*** DATASET ENTRIES Section Begins ***

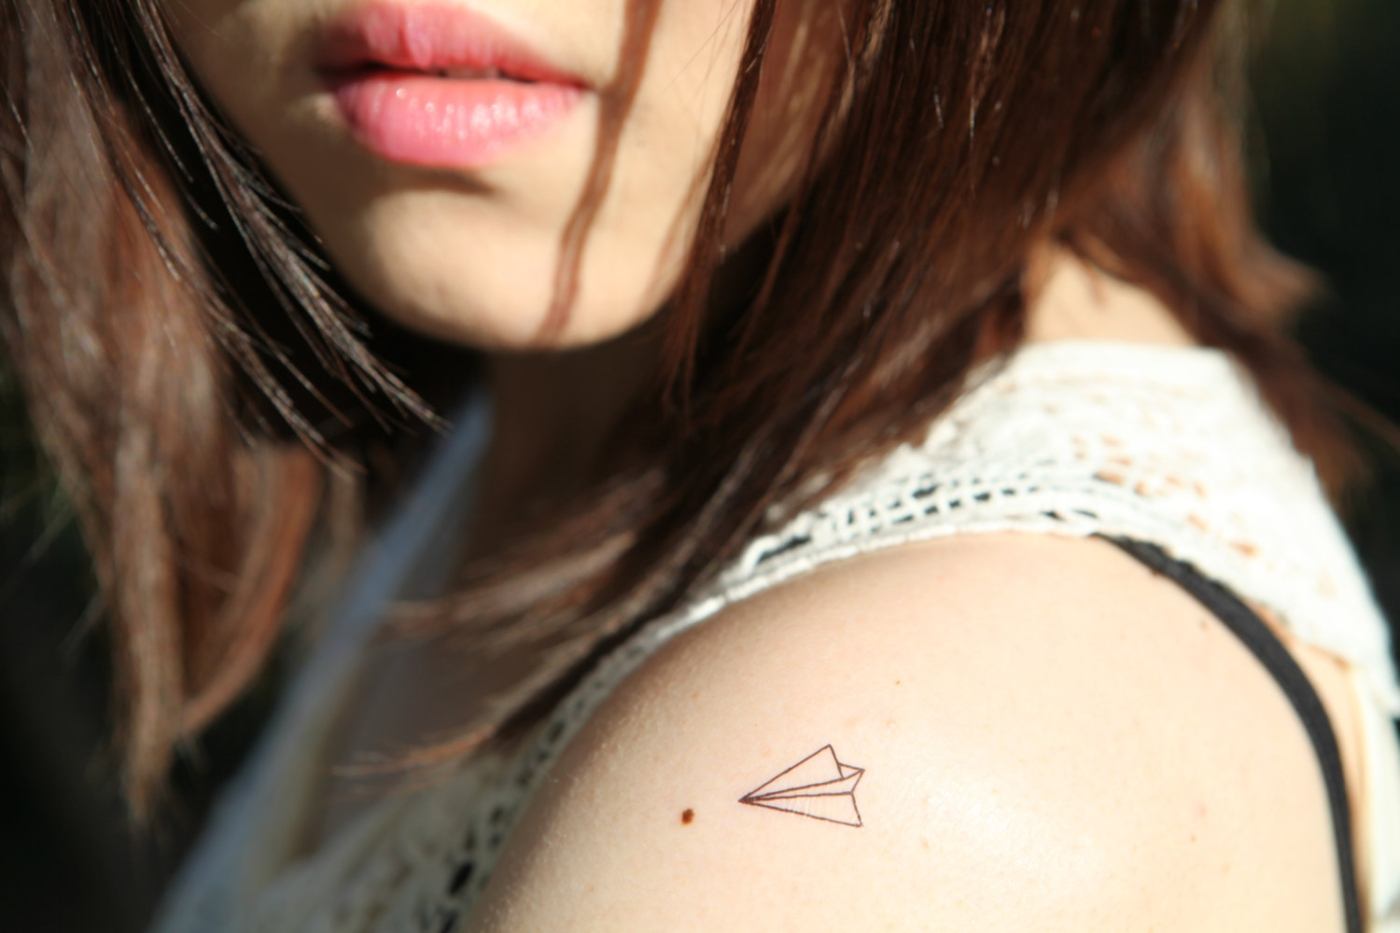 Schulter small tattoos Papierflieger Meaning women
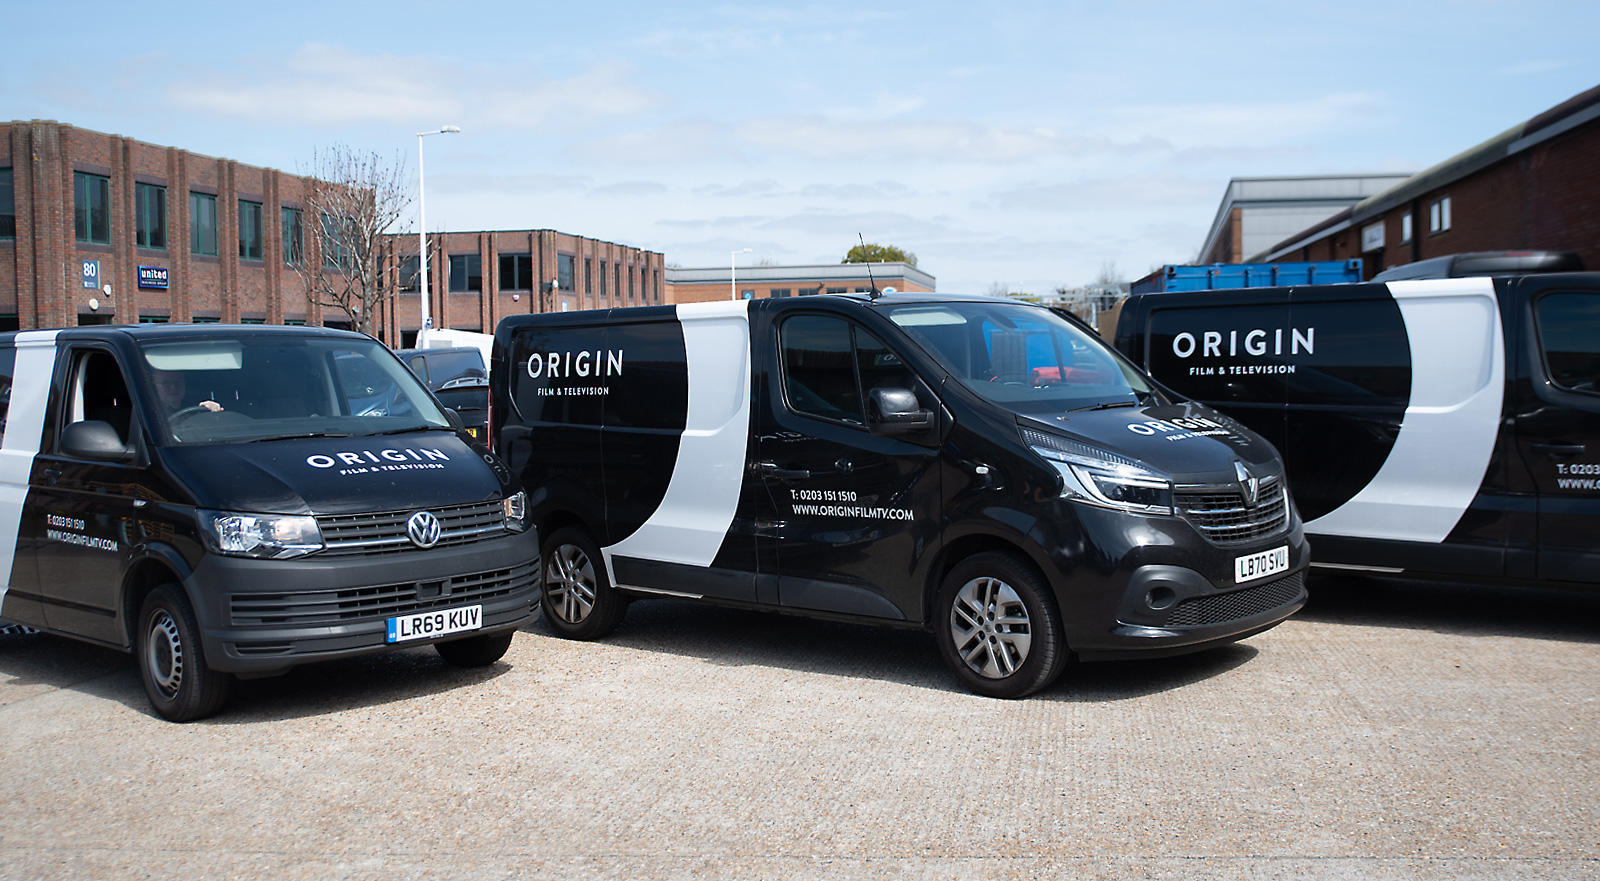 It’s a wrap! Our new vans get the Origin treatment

*** DATASET ENTRIES Section Ends ***
*** DATASET ENTRIES Section Begins ***

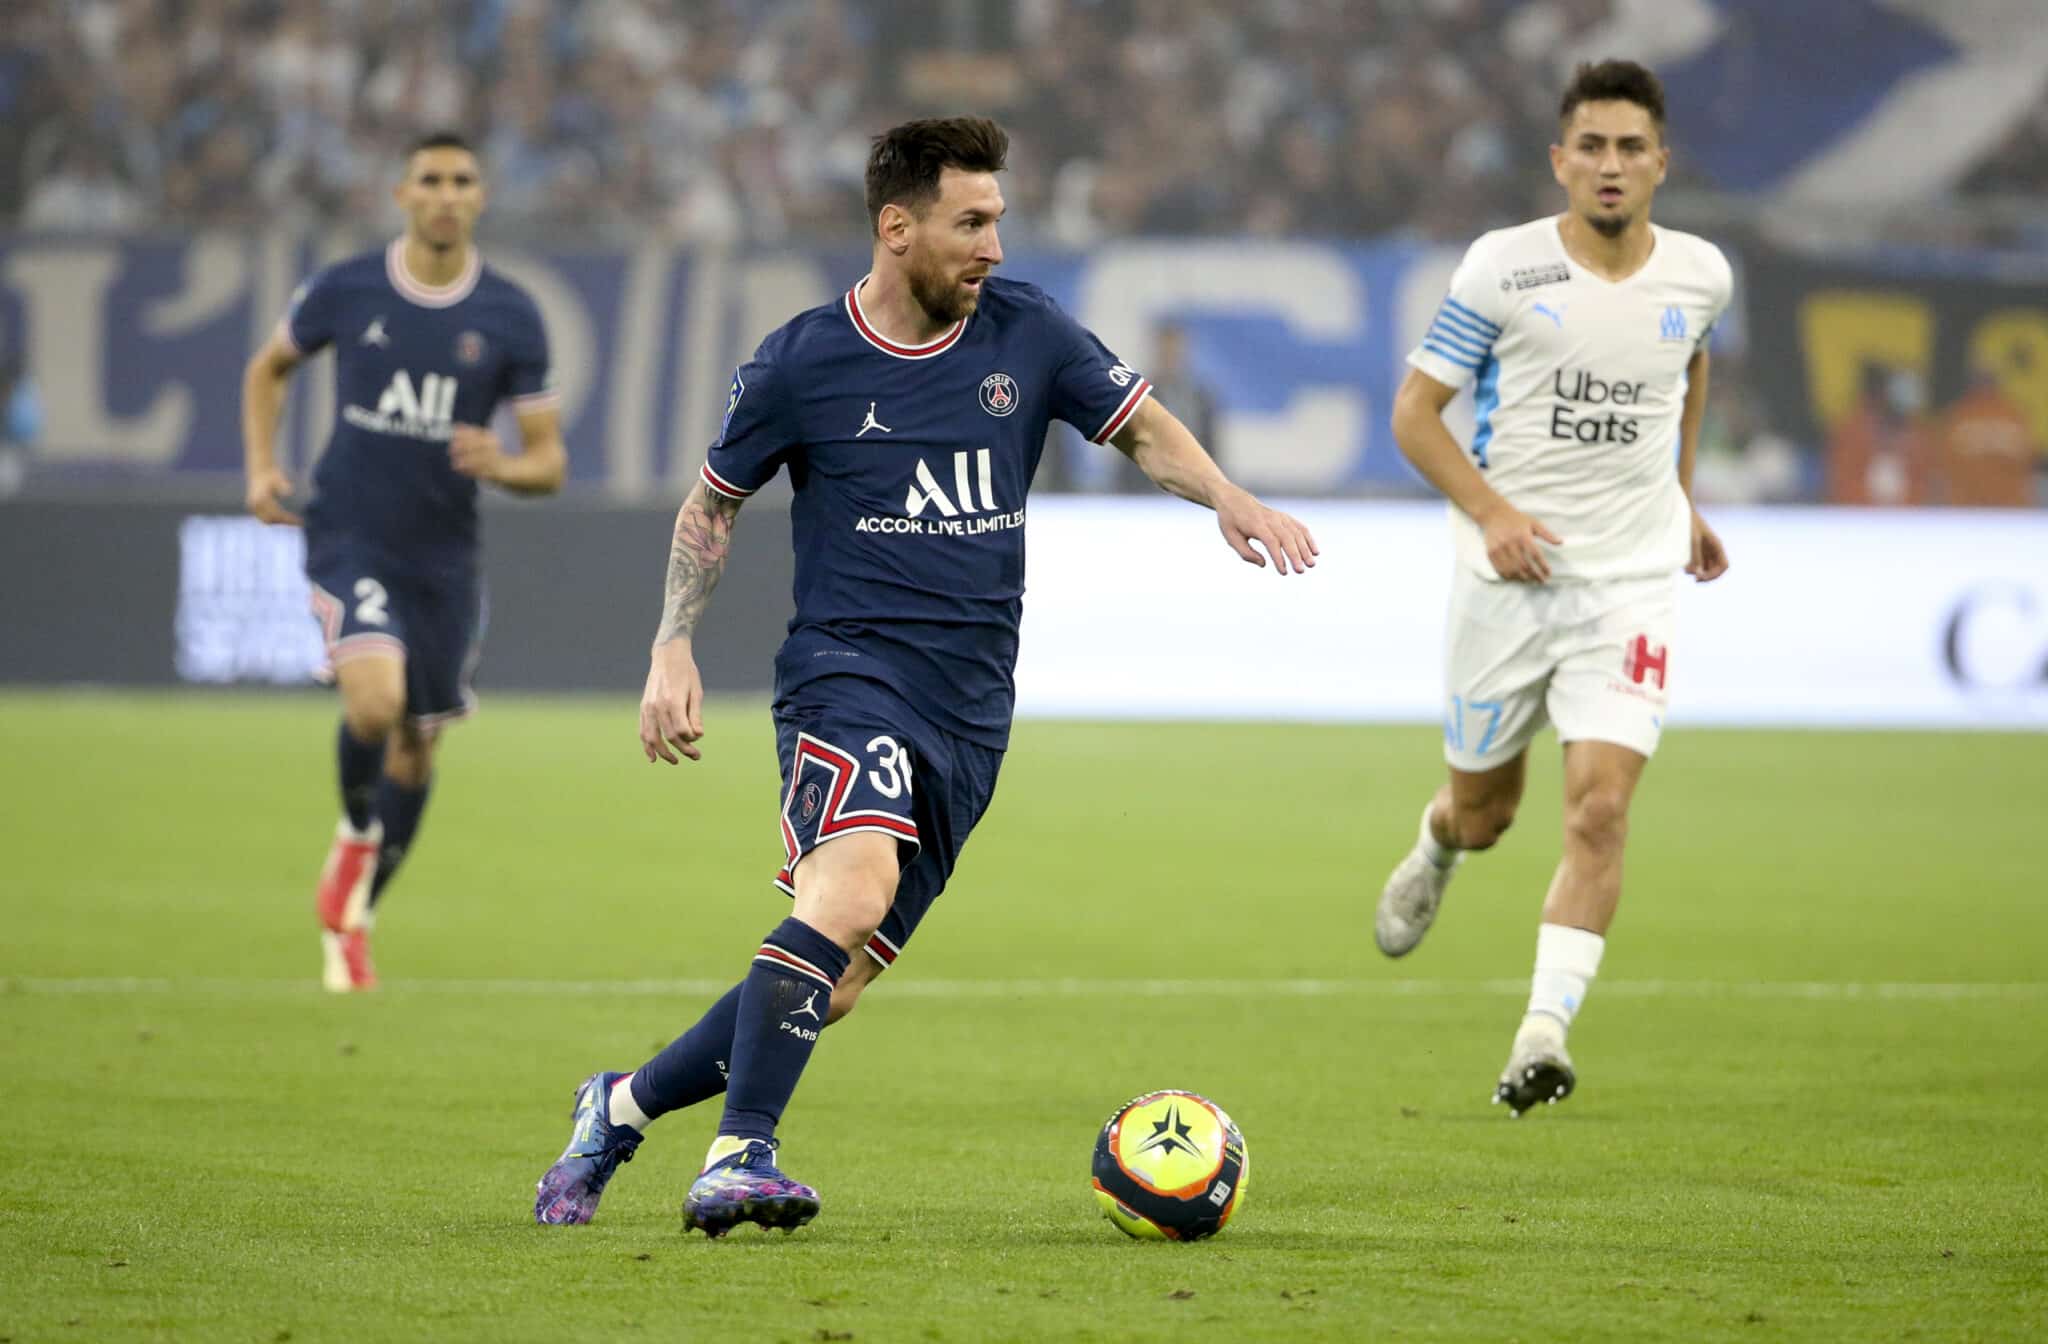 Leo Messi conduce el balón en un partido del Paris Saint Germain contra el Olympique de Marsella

*** DATASET ENTRIES Section Ends ***

### [REQUIREMENT]
Though the entries above contain pictures, none should be copied; reproduce only the lines between the one holding "Schulter small tattoos" and the one holding "It’s a wrap!", inclusive, exactly as written.

### [EXPECTED OUTPUT]
 Schulter small tattoos Papierflieger Meaning women
 It’s a wrap! Our new vans get the Origin treatment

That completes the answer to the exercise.